In the records below, find the line with "Drill pipes € 820 per tonne" and repeat exactly every line from it through the line with "Clouds near Kalona". Pictures stay out.

*** Supplied records

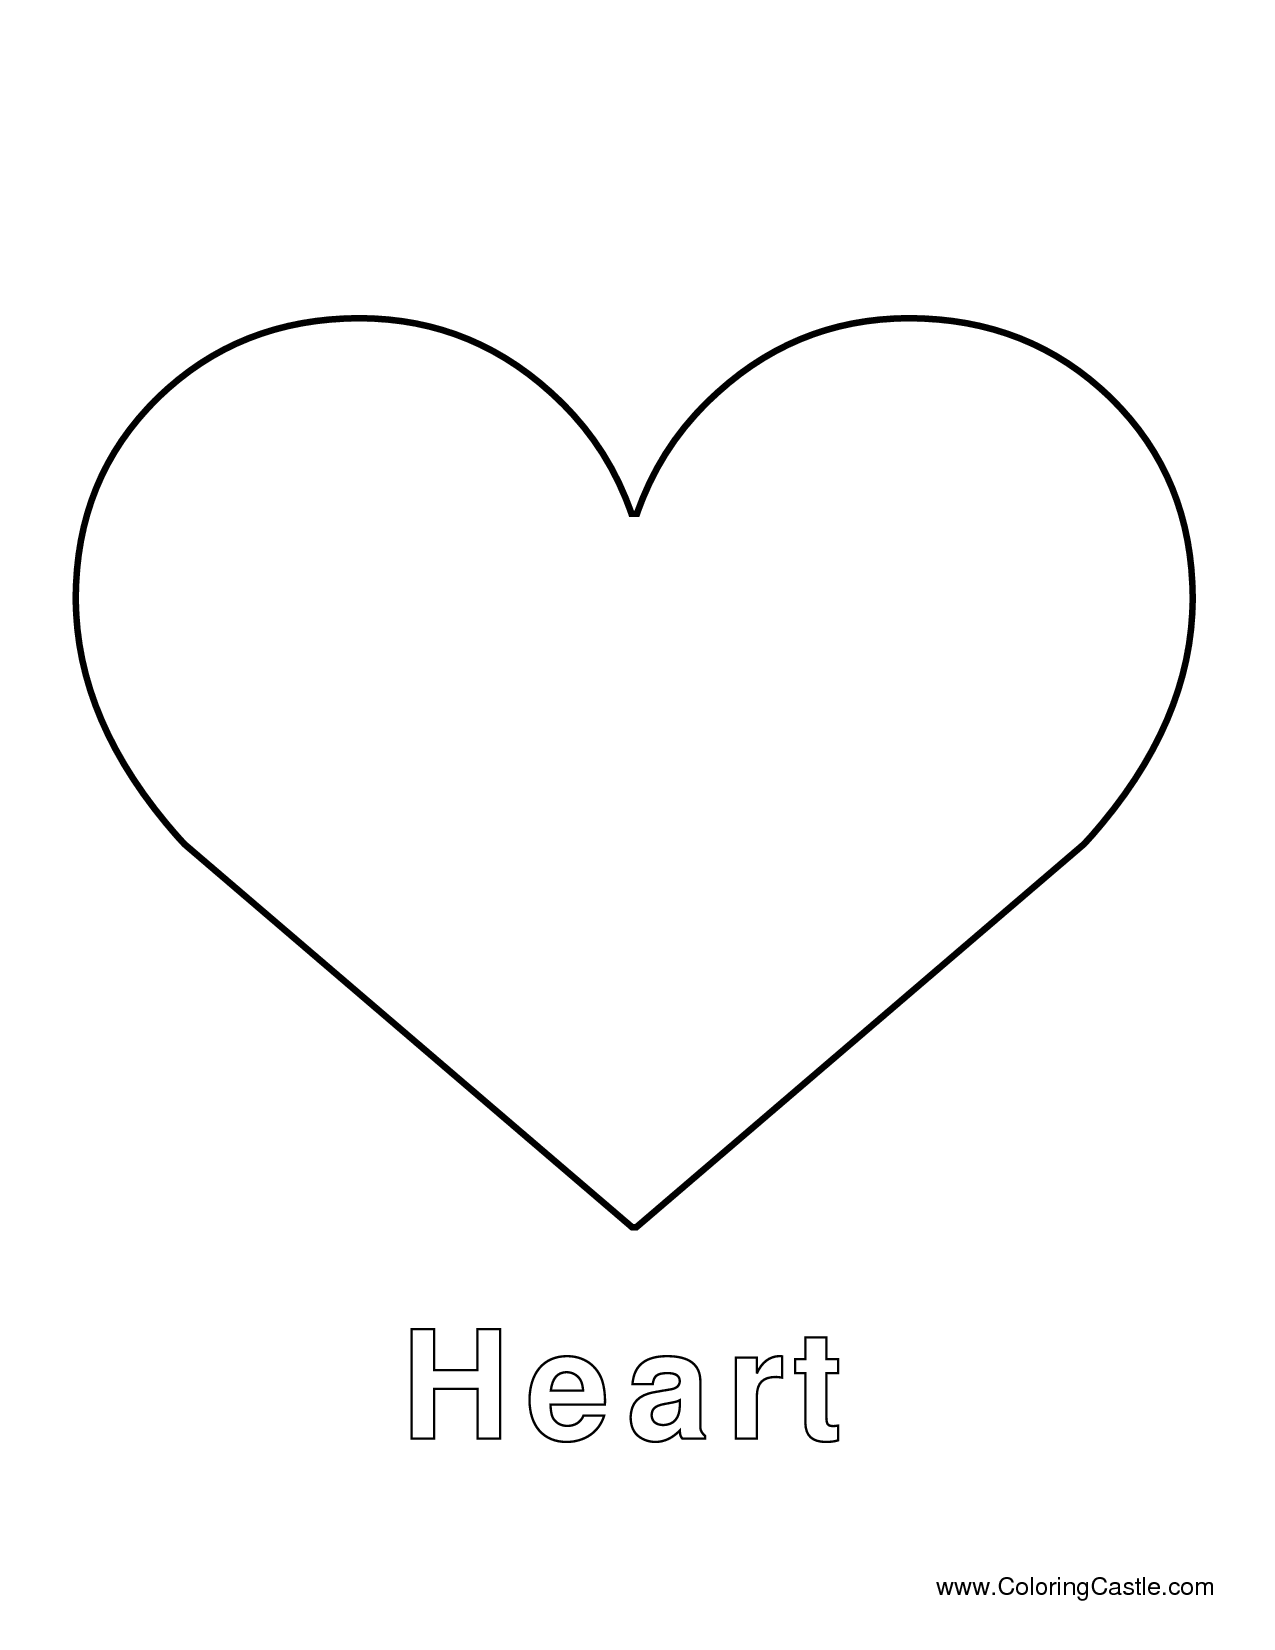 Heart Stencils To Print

******
*** Supplied records

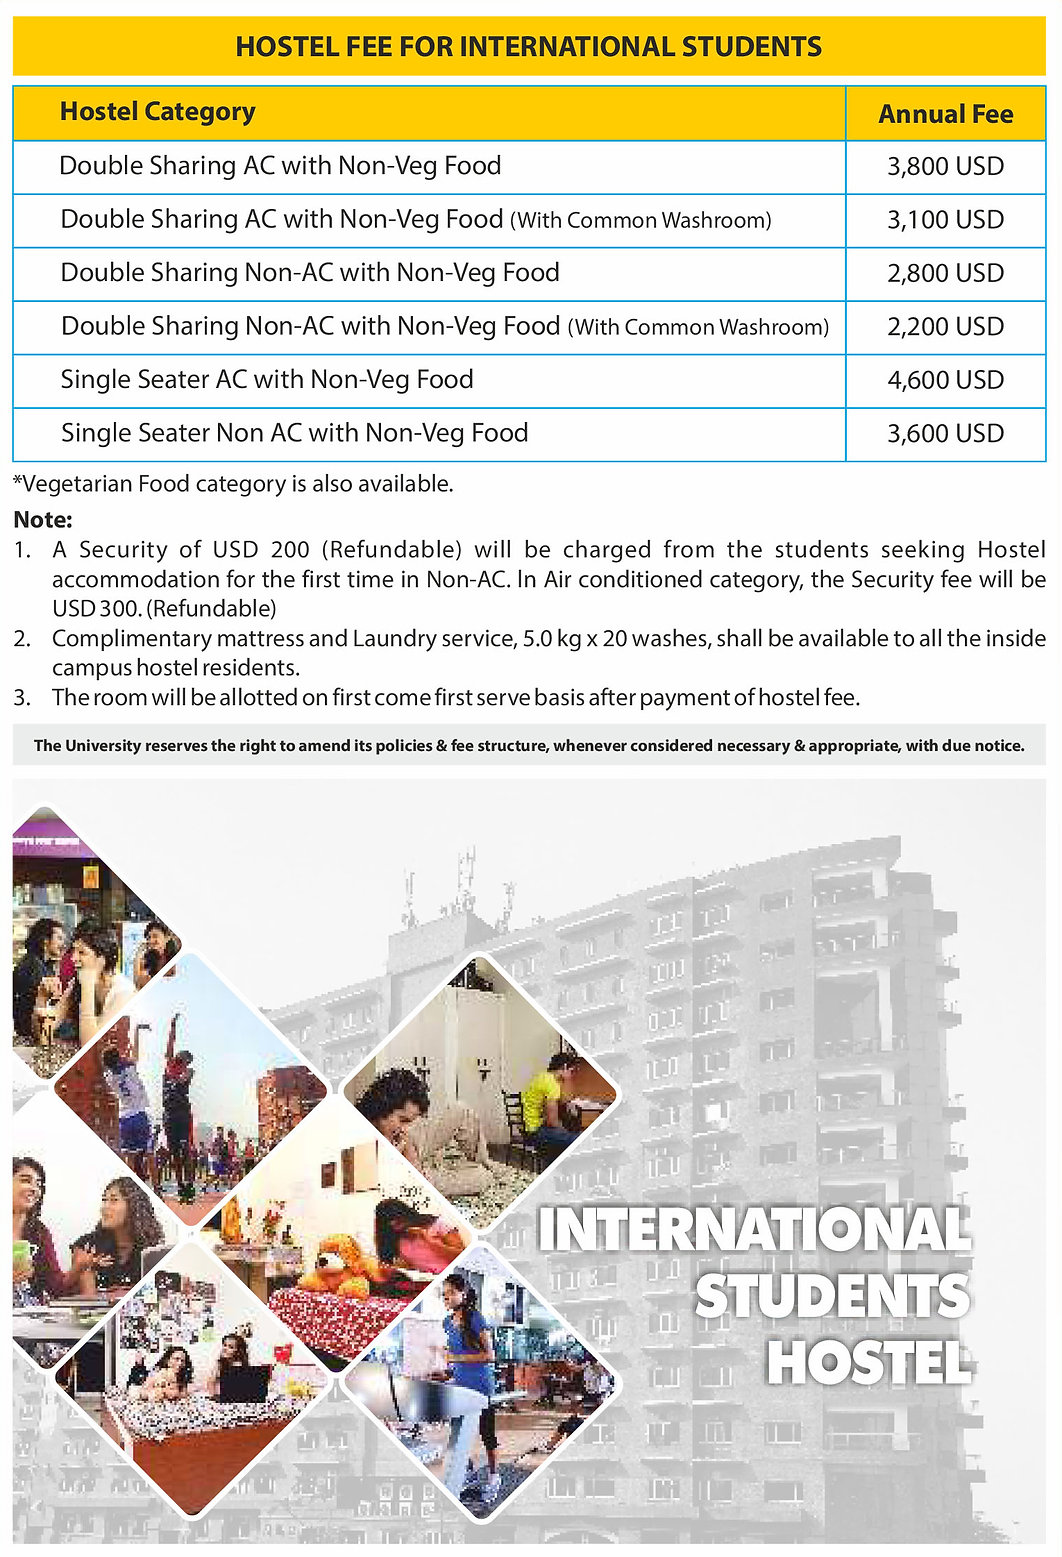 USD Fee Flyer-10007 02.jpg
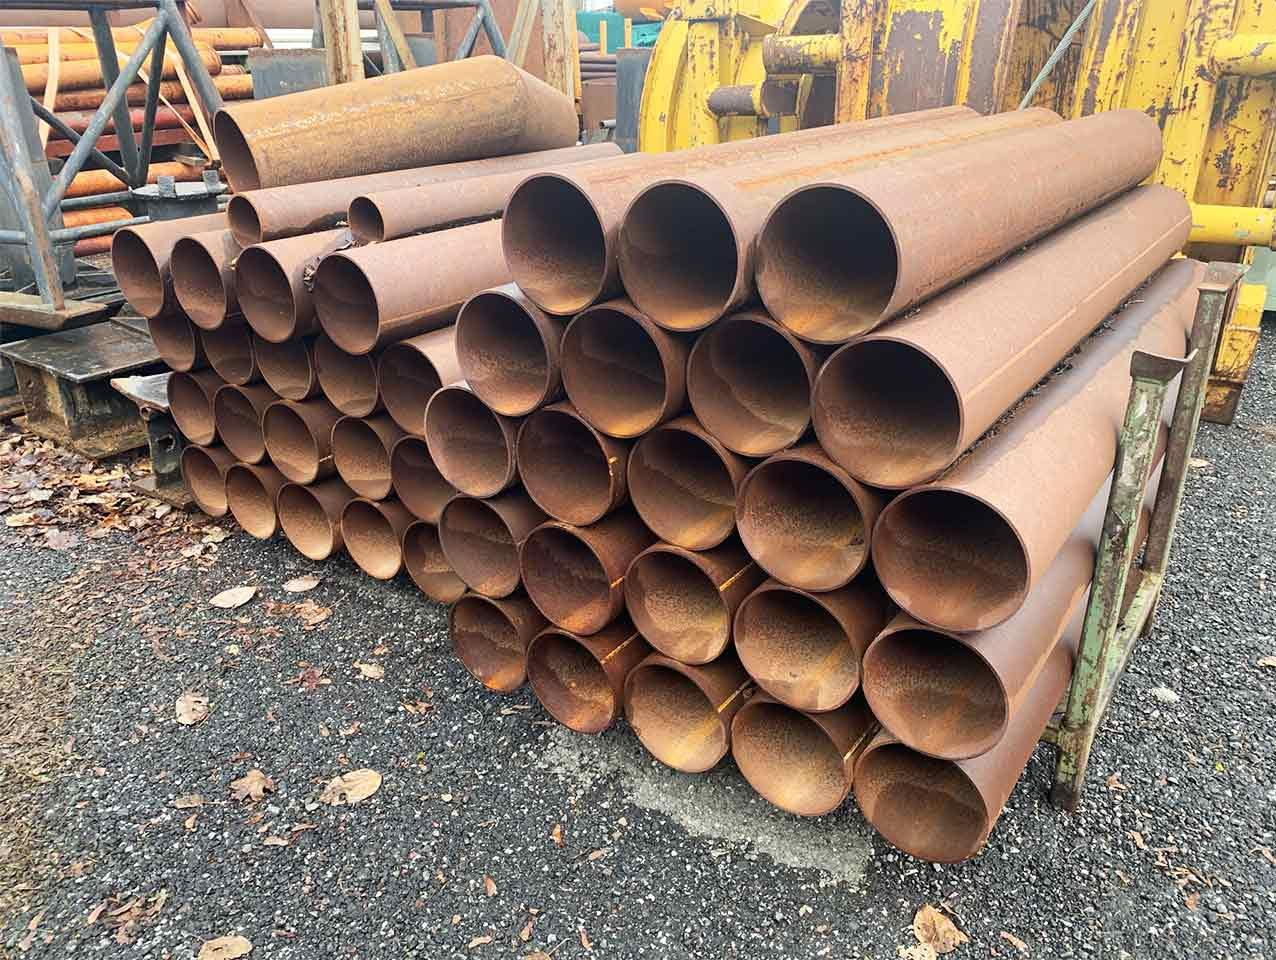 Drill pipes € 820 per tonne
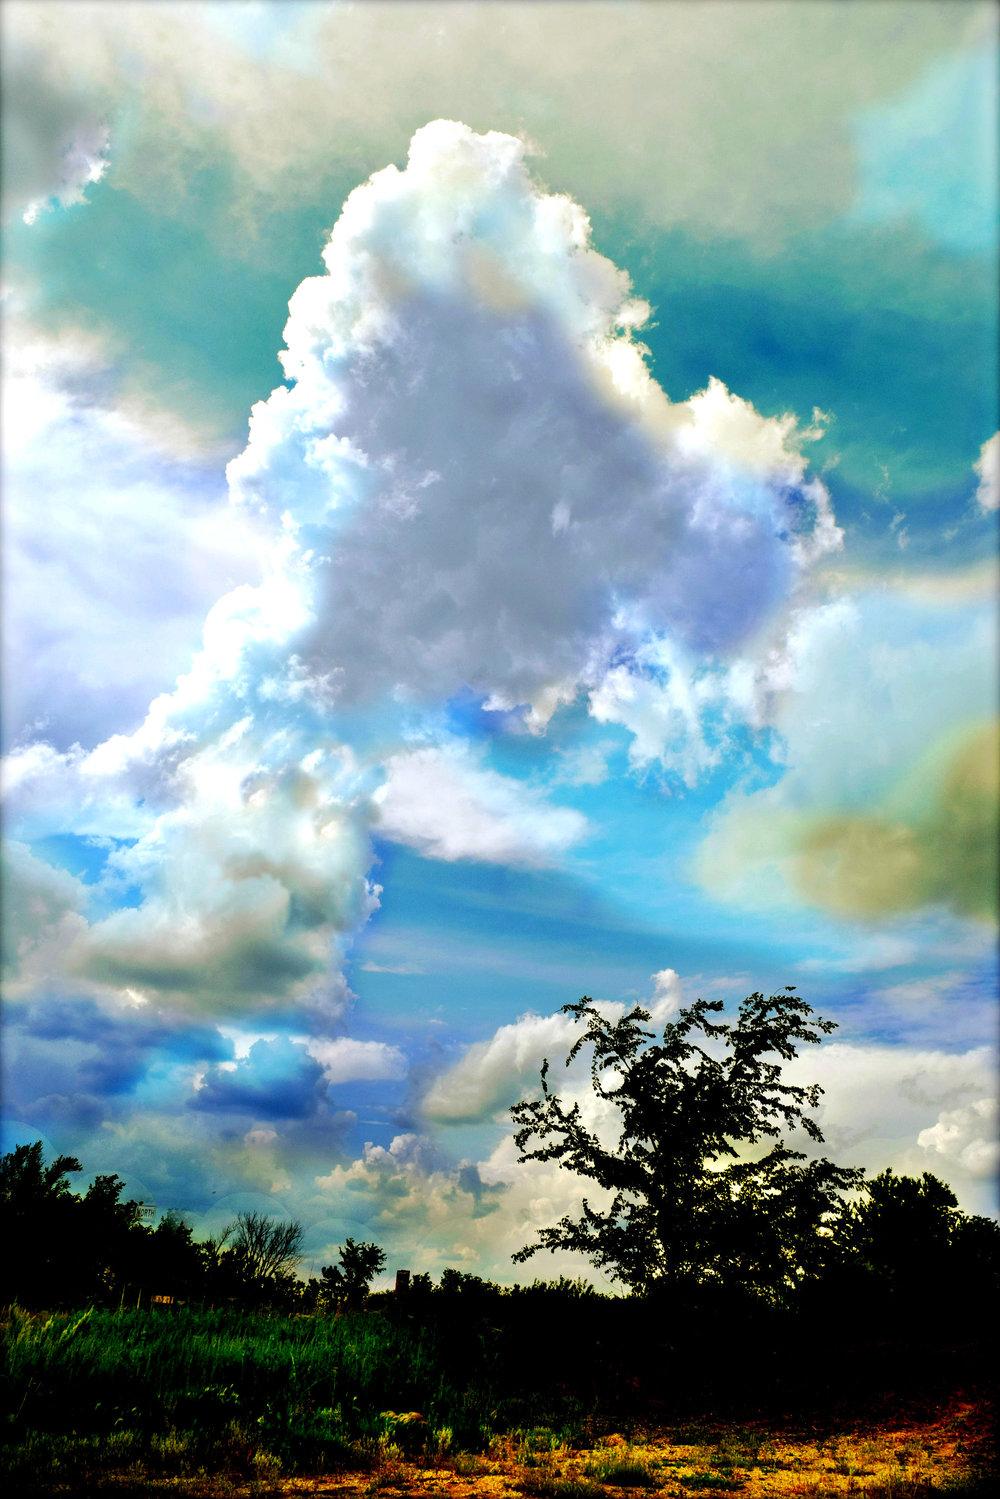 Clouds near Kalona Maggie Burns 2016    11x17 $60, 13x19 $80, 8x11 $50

******

_Solution to this exercise_
 Drill pipes € 820 per tonne
 Clouds near Kalona Maggie Burns 2016    11x17 $60, 13x19 $80, 8x11 $50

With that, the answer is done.